Holding onto unnecessary data can introduce legal risk, inflate storage requirements, increase back up and security costs, and create the added challenge that future regulatory changes may need to be applied to all data across all storage platforms retrospectively.

Getting retention right can reduce risk and costs and strengthen privacy.

 

4. Emerging data types: what’s new is not exempt

Biometric data, including facial images, video, and audio, can be considered personal information if it can be used to reasonably identify an individual. Video or audio files may also contain information that fits the Office of the Australian Information Commissioner’s (OAIC) description of sensitive personal information if they include health information, sexual preferences, or opinions.

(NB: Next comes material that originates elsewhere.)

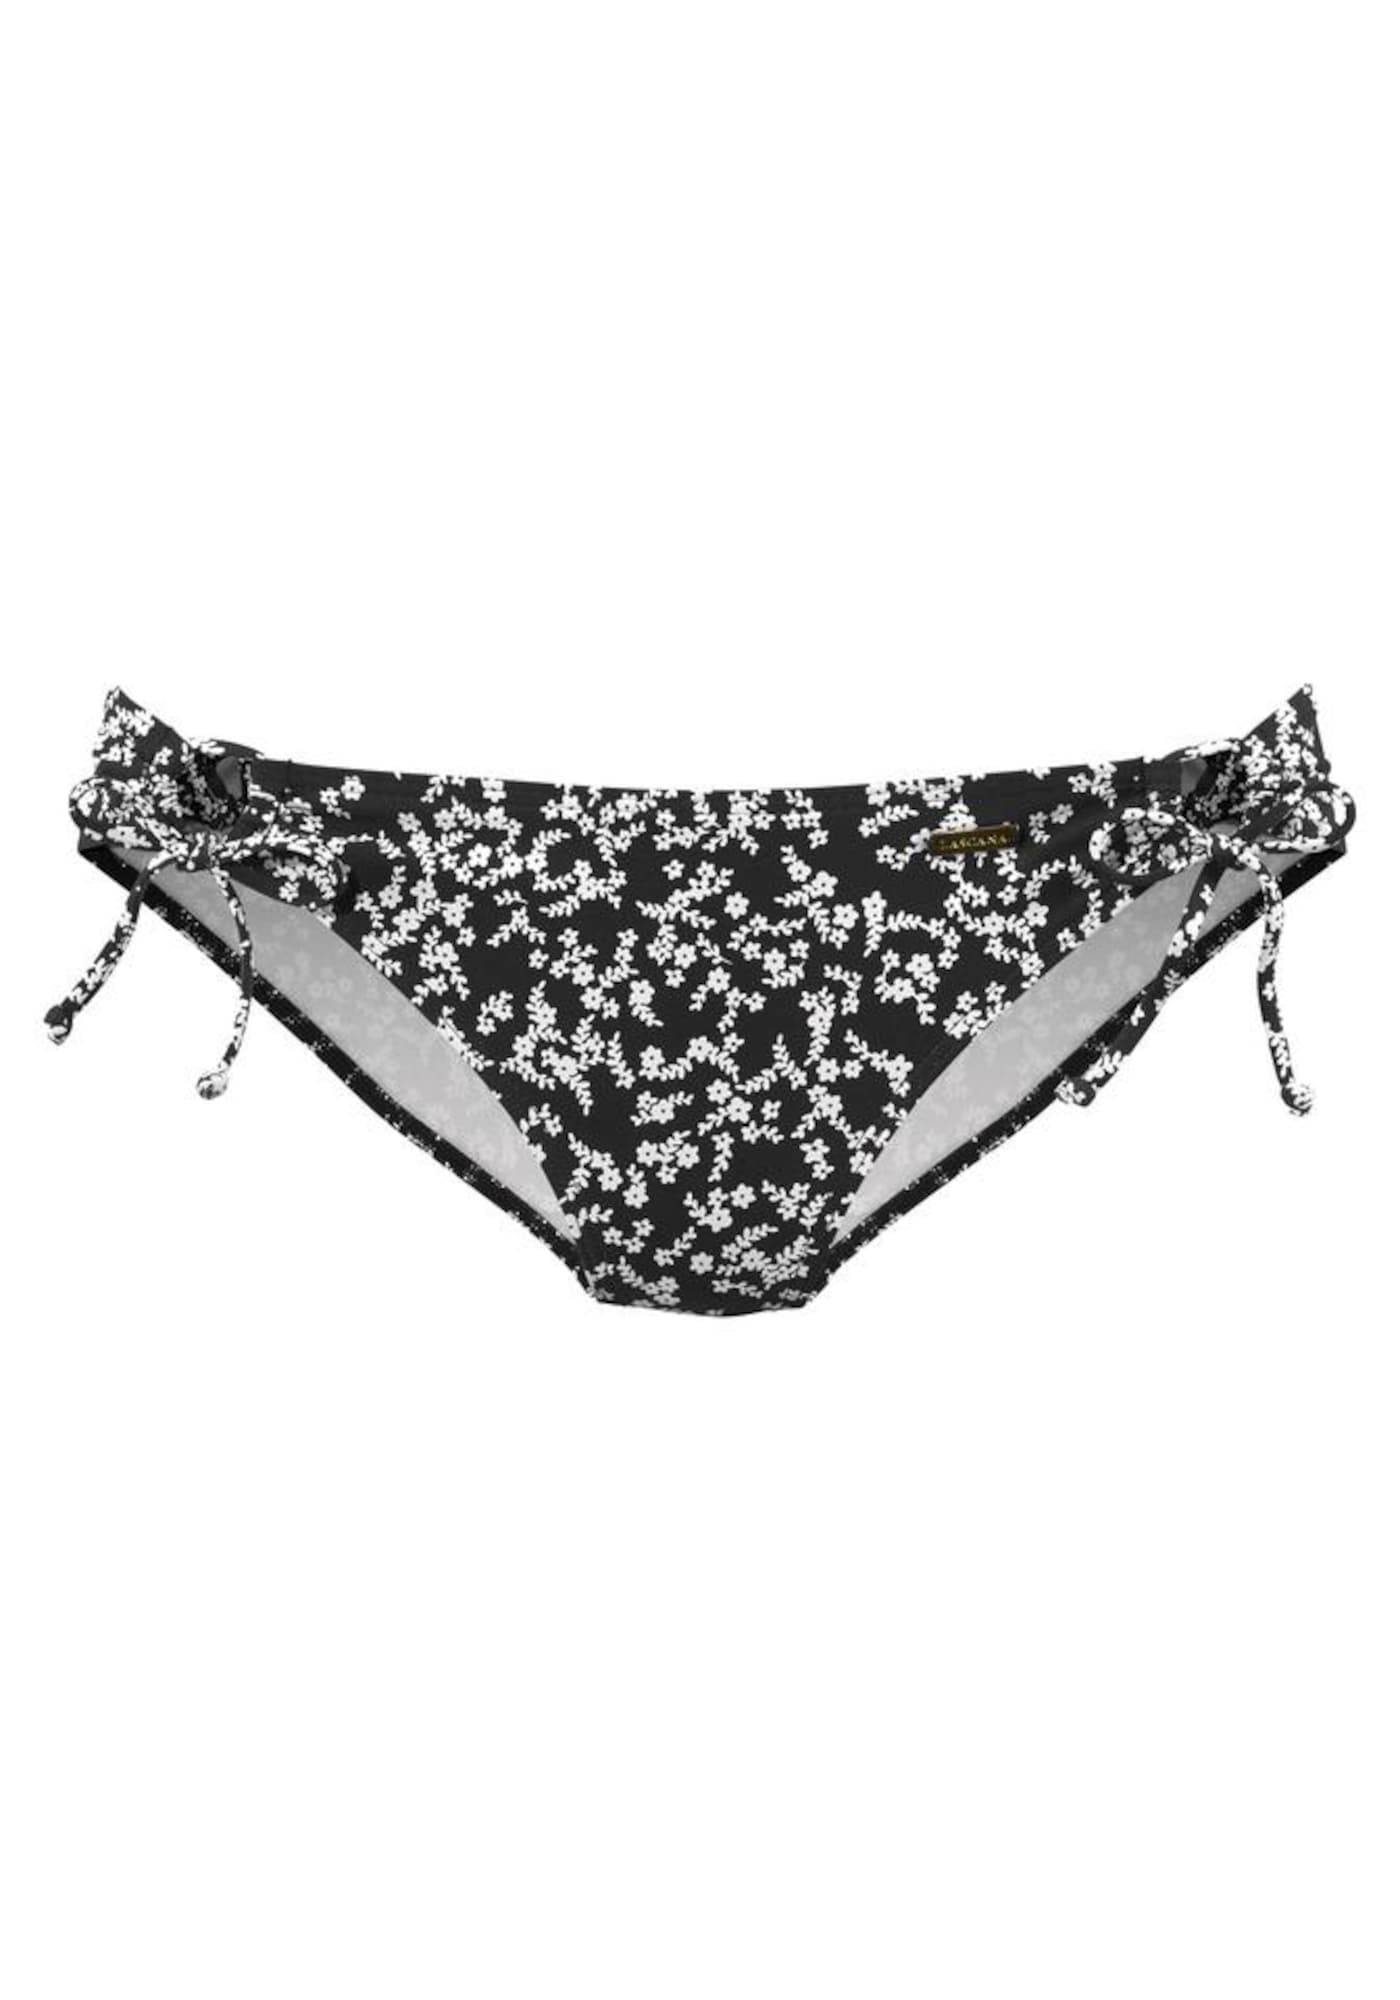 LASCANA Bas de bikini 'Meadow'  - Noir - Taille: 34 - female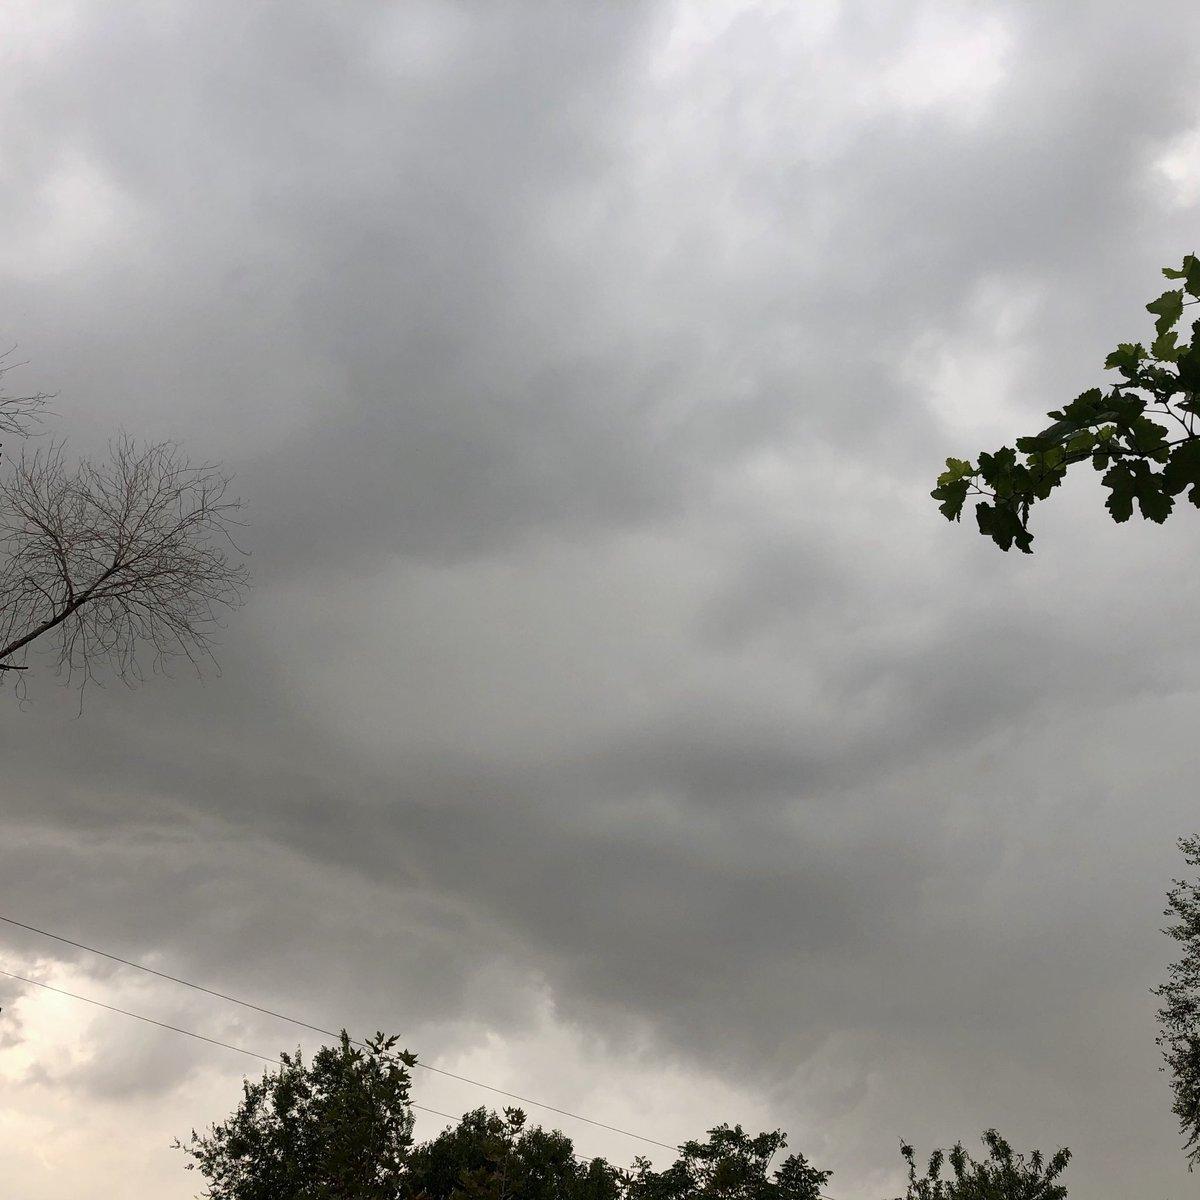 #Kabul sky time now https://t.co/2AcDksyG53

These emerging technologies raise not only compliance challenges, but also ethical concerns, such as misidentification, bias, and wrongful action against individuals. This highlights the need for adopters of technologies that collect biometric data to inform – and obtain consent from – individuals when collecting facial recognition or biometric data.

Along with adopting a privacy-by-design approach, organisations should aim to proactively conduct privacy impact assessments to understand the risks and potential privacy impacts of the emerging technology they use.

 

5. Artificial intelligence and analytics: what’s collected may not be useful

As organisations increasingly adopt artificial intelligence (AI) and advanced analytics, there’s a temptation to hold onto more data “just in case” it might be useful. But holding large volumes of personal data for potential use in AI models is risky. Along with greater storage requirements and compliance obligations, it also increases the impact of a breach and heightens privacy risk, including non-compliance with data minimisation obligations.  

Much of this data may never be used and should be minimised or securely disposed of to reduce risk. Data that is retained and useful can be anonymised to generate insights without compromising privacy.  

Data quality also matters. Poor inputs can lead to unreliable AI outputs, bias, and reputational harm, as demonstrated in the case of Amazon’s automated resume screening tool.  

As emerging technologies become more embedded in business operations, organisations need to proactively assess which data is necessary to support AI and analytics, and identify what can be removed, minimised, and de-identified. 

 


 

Privacy Awareness Week is a chance for organisations to take stock, not just of privacy law reforms, but of how data is managed day to day. From classification and retention to biometrics and AI, privacy and data practices impact trust, risk, and resilience. In this dynamic context, organisations that act now will be better prepared for what’s next.